RBI issues its discussion paper on banking structure in India
The Reserve Bank of India (“RBI”) has issued an August 2013 discussion paper entitled “Banking Structure in India – The Way Forward”. The RBI has recognised that today's banking structure in India has both the need and scope for further growth in size and strength. The RBI is reviewing the Indian banking structure to cater to the needs of India’s growing and globalizing economy and to deepen financial inclusion. The RBI has also been guided by lessons learned from the global financial crisis particularly relating to banking structure. The key features of the discussion paper are highlighted below:
- Following on from the “Roadmap for Presence of Foreign Banks in India” published by the RBI in February 2005 and further to the Annual Policy Statement for 2010-11, a Discussion Paper on Presence of Foreign banks in India was released by the RBI in January 2011. Continuing the thinking first set out in these papers, the discussion paper suggests that foreign banks in India should be organised as subsidiaries as opposed to the current branch or representative office structures (as on May 31, 2013, 43 foreign banks operated in India through branches and 47 through representative offices). Although, owing to India’s commitment to the World Trade Organisation, conversion of existing branches into subsidiaries cannot be mandatory, such banks should be encouraged to convert their branches into subsidiaries. For new entrants, the subsidiary structure should be mandatory on reaching a certain size. The RBI will formulate guidelines on the mode of presence of foreign banks in India following feedback on the discussion paper from stakeholders.
- Indian banks follow a structure where a banking company is required to incorporate subsidiaries to undertake non-banking operations. The paper suggests that the financial holding company (“FHC”) structure be adopted wherein the parent company is the FHC which has both bank and non-bank affiliates operating under it.
- Differentiated licensing should be adopted where certain banks will be licensed only for servicing niche segments such as infrastructure financing, retail banking, SME financing, etc. The proposed new licensing policy suggests that there is merit in contemplating “continuous authorisations” for opening new banks in India (compare the present “stop and go” policy of periodical reviews as to whether to allow new banks to enter the market)
- Large Indian banks which have a global presence should be consolidated to create three to four global banks which are able to compete globally with the top international banks. This would enable such banks to generate economies of scale, meet financing needs of infrastructure and large projects and offer India as a banking destination to the world. Such consolidated banks should be permitted to set up branches outside India under a liberalised regime. The paper proposes a tiered structure for other Indian banks, the first of which would consist of such three or four large Indian banks, along with branches of foreign banks in India, with the next tier comprising mid-sized banks, and smaller banks filling the bottom tiers.

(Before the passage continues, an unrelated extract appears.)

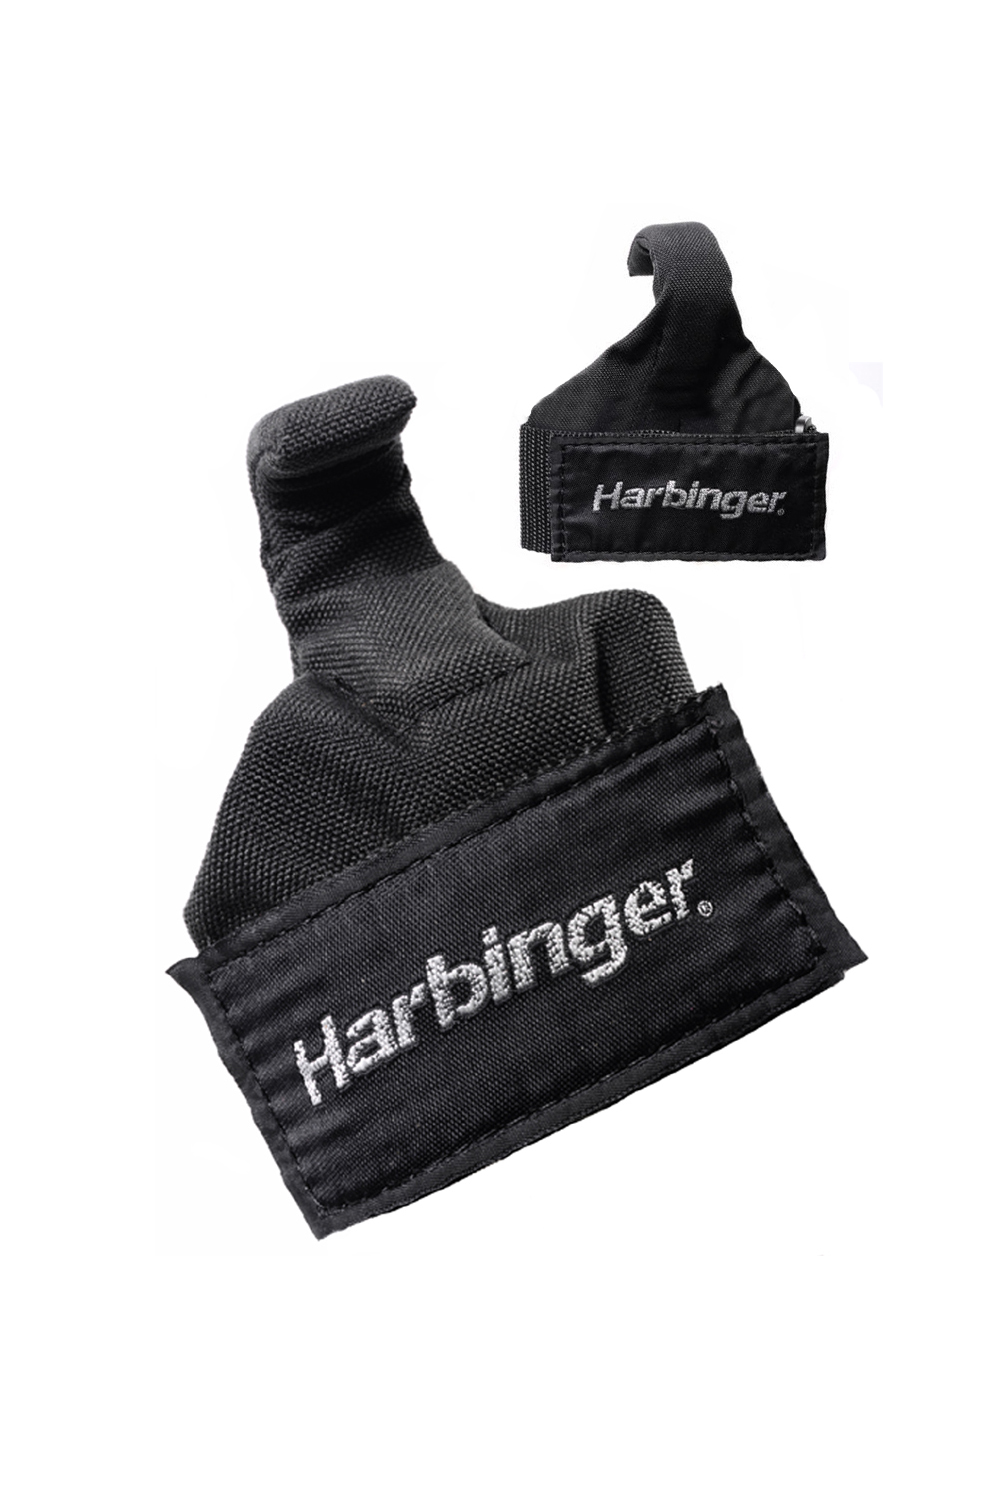 Harbinger Fitness Harbinger Lifting hook

- The legal framework governing banks in India hinders consolidation as there are multiple statutes governing banks such as the Banking Regulation Act, 1949, the Companies Act, 1956, Banking Companies (Acquisition and Transfer of Undertaking) Act, 1970, State Bank of India Act, 1955, State Bank of India (Subsidiary Banks) Act, 1959, Industrial Development Bank (Transfer of Undertaking and Repeal) Act, 2003. The paper suggests that all banks should be governed only by the Banking Regulation Act, 1949 and the Companies Act, 1956
- Under the Basel III capitalisation norms, banks require large-scale infusion of capital by shareholders. Since the Government is the majority shareholder of most banks the RBI calculates that the amount of additional capital required to be infused by the Government is INR 900 billion over a period of five years. The paper suggests that the Government’s ownership in public sector banks be reduced to 33% from the existing 51% to reduce the Government’s burden of recapitalising the banks
- There is a need for effective deposit insurance and resolution regimes to deal with bank failures in an economic and efficient manner. In India, failures of commercial banks have been rare, and the beneficiaries of the deposit insurance system have mainly been the urban co-operative banks. The existence of an effective resolution regime is essential for any type of banking structure India may pursue.